- [ACTIVITY] Transcribe, exactly and without pictures, the lines below from the line with "plum bodylovin' trippin'" to the line with "Wild Child T-Shirt/Sweatshirt, Kids", both ends included, and no others.

- [EXERCISE DATA]
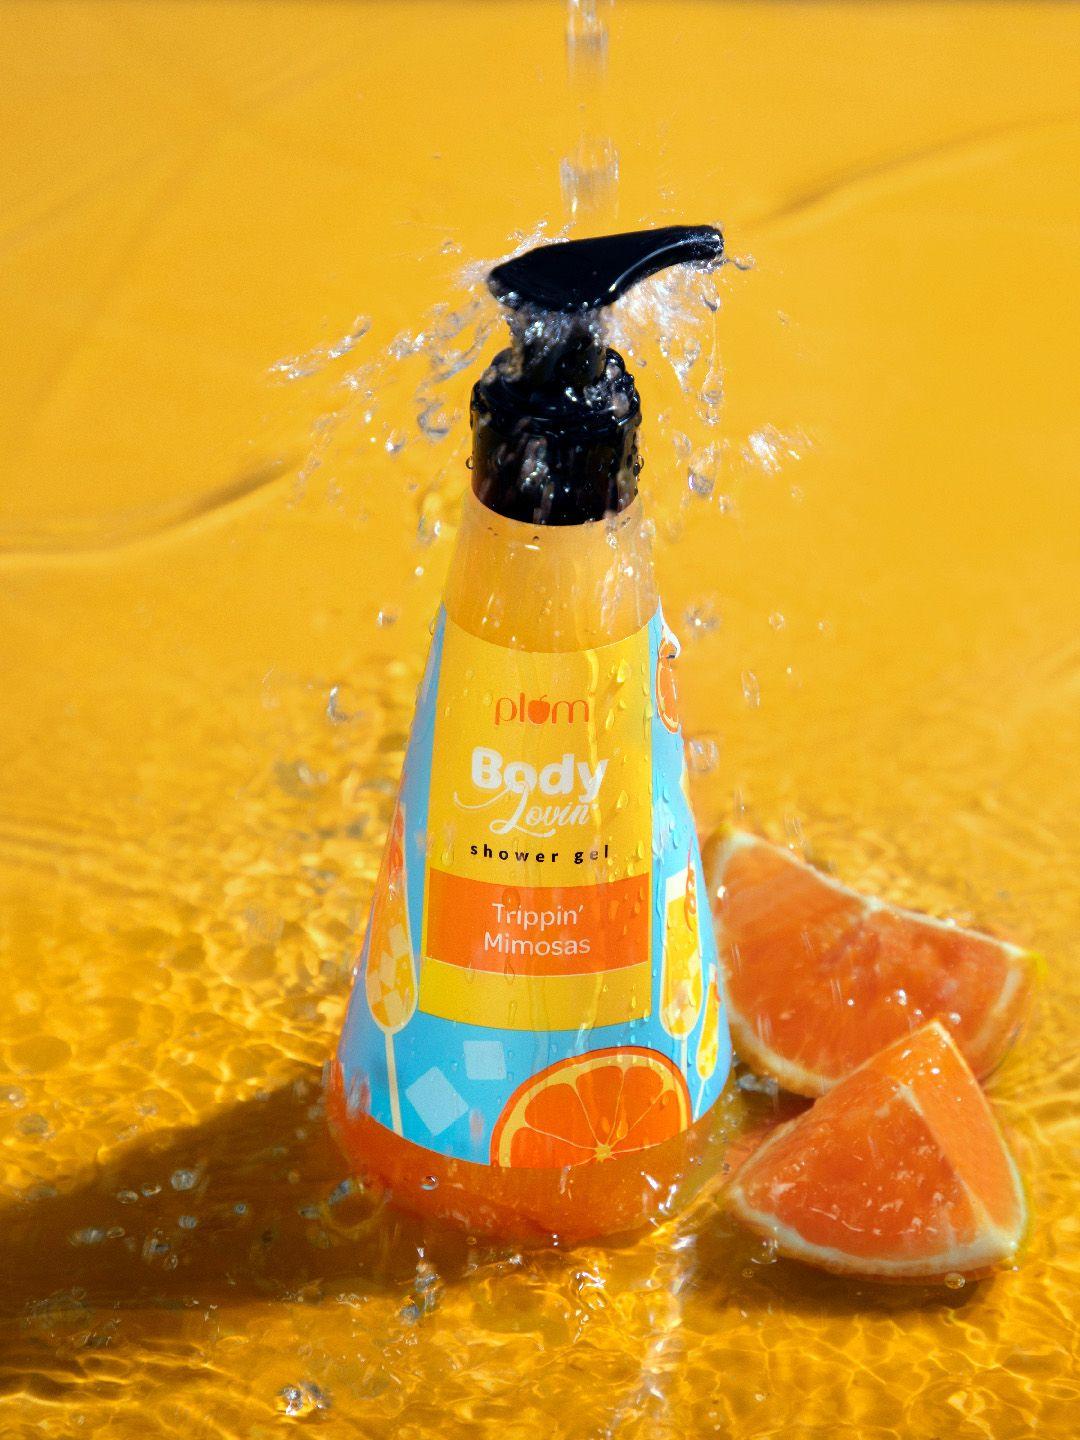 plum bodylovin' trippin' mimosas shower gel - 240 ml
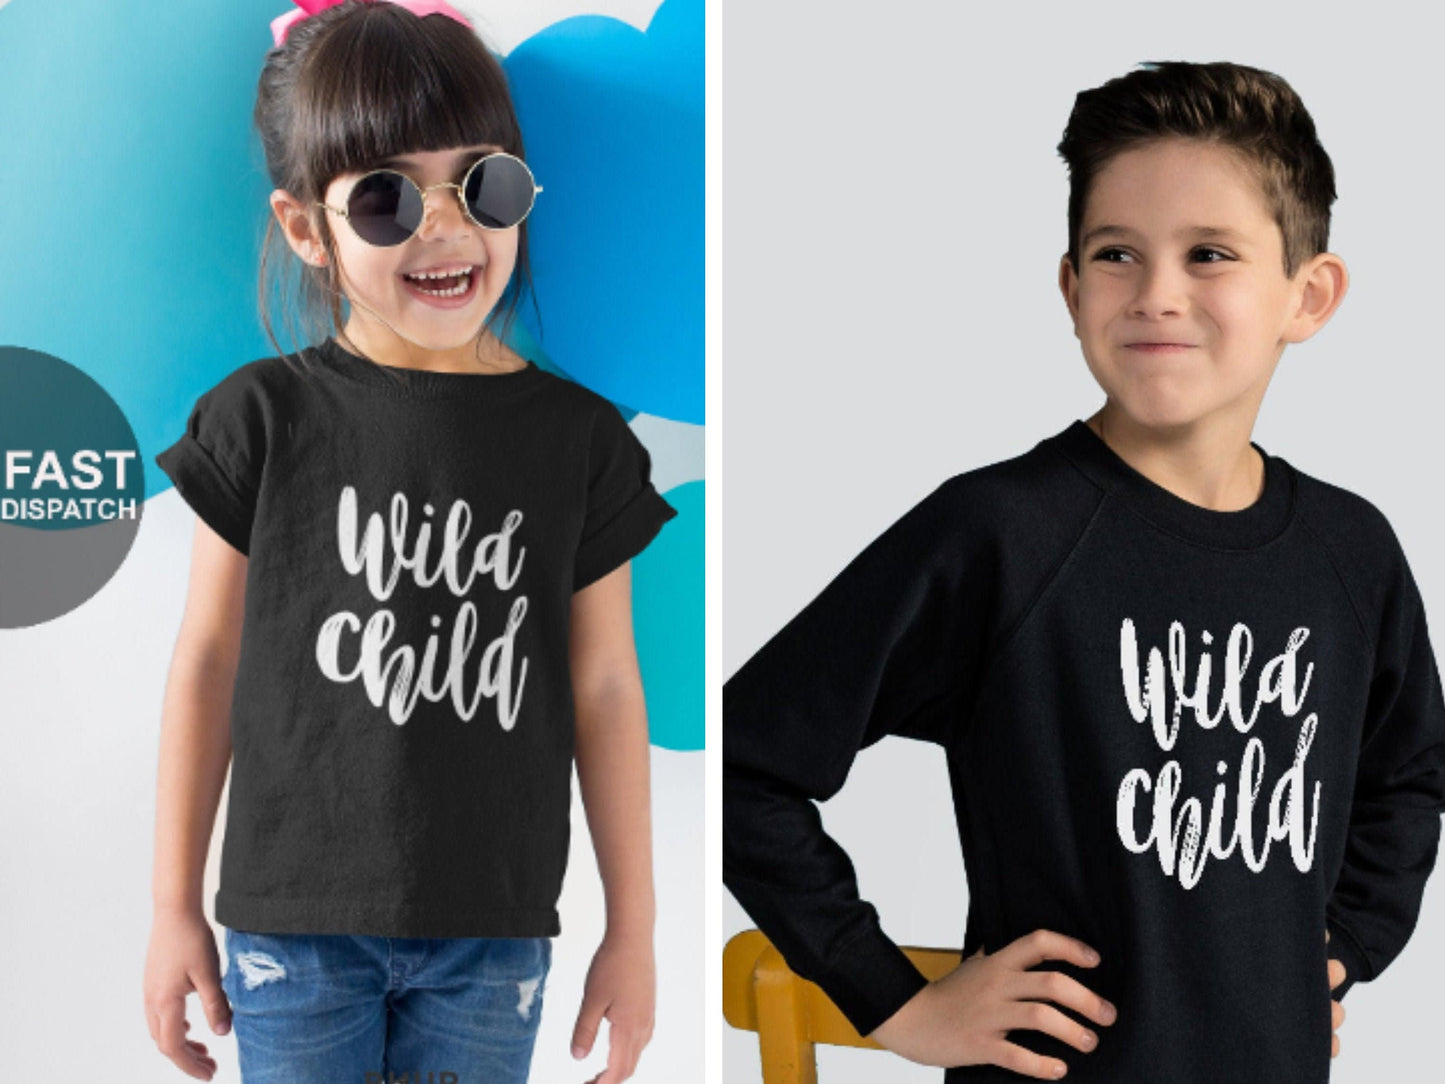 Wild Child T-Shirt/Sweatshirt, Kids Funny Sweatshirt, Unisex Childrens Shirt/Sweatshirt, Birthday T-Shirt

==

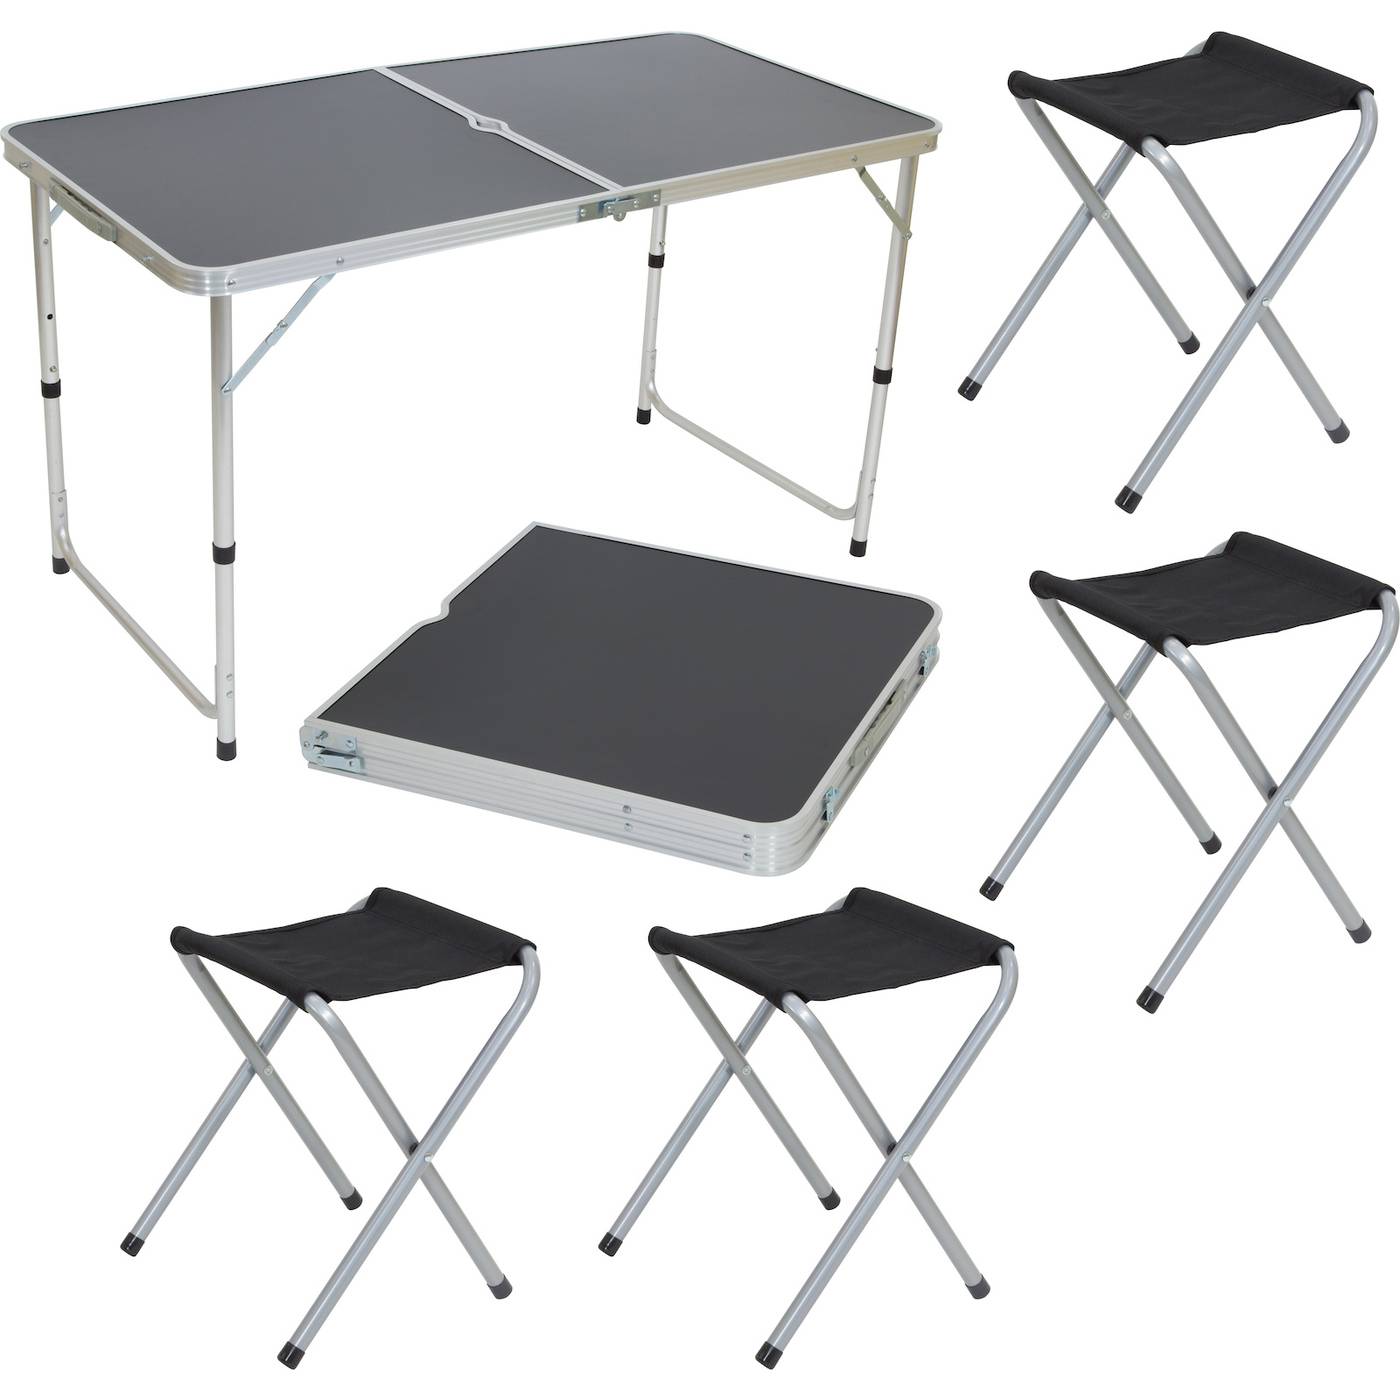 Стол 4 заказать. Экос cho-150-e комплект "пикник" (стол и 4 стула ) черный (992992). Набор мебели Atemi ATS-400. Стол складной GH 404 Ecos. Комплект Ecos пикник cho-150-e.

- [ANSWER TO THIS TASK]
 plum bodylovin' trippin' mimosas shower gel - 240 ml
 Wild Child T-Shirt/Sweatshirt, Kids Funny Sweatshirt, Unisex Childrens Shirt/Sweatshirt, Birthday T-Shirt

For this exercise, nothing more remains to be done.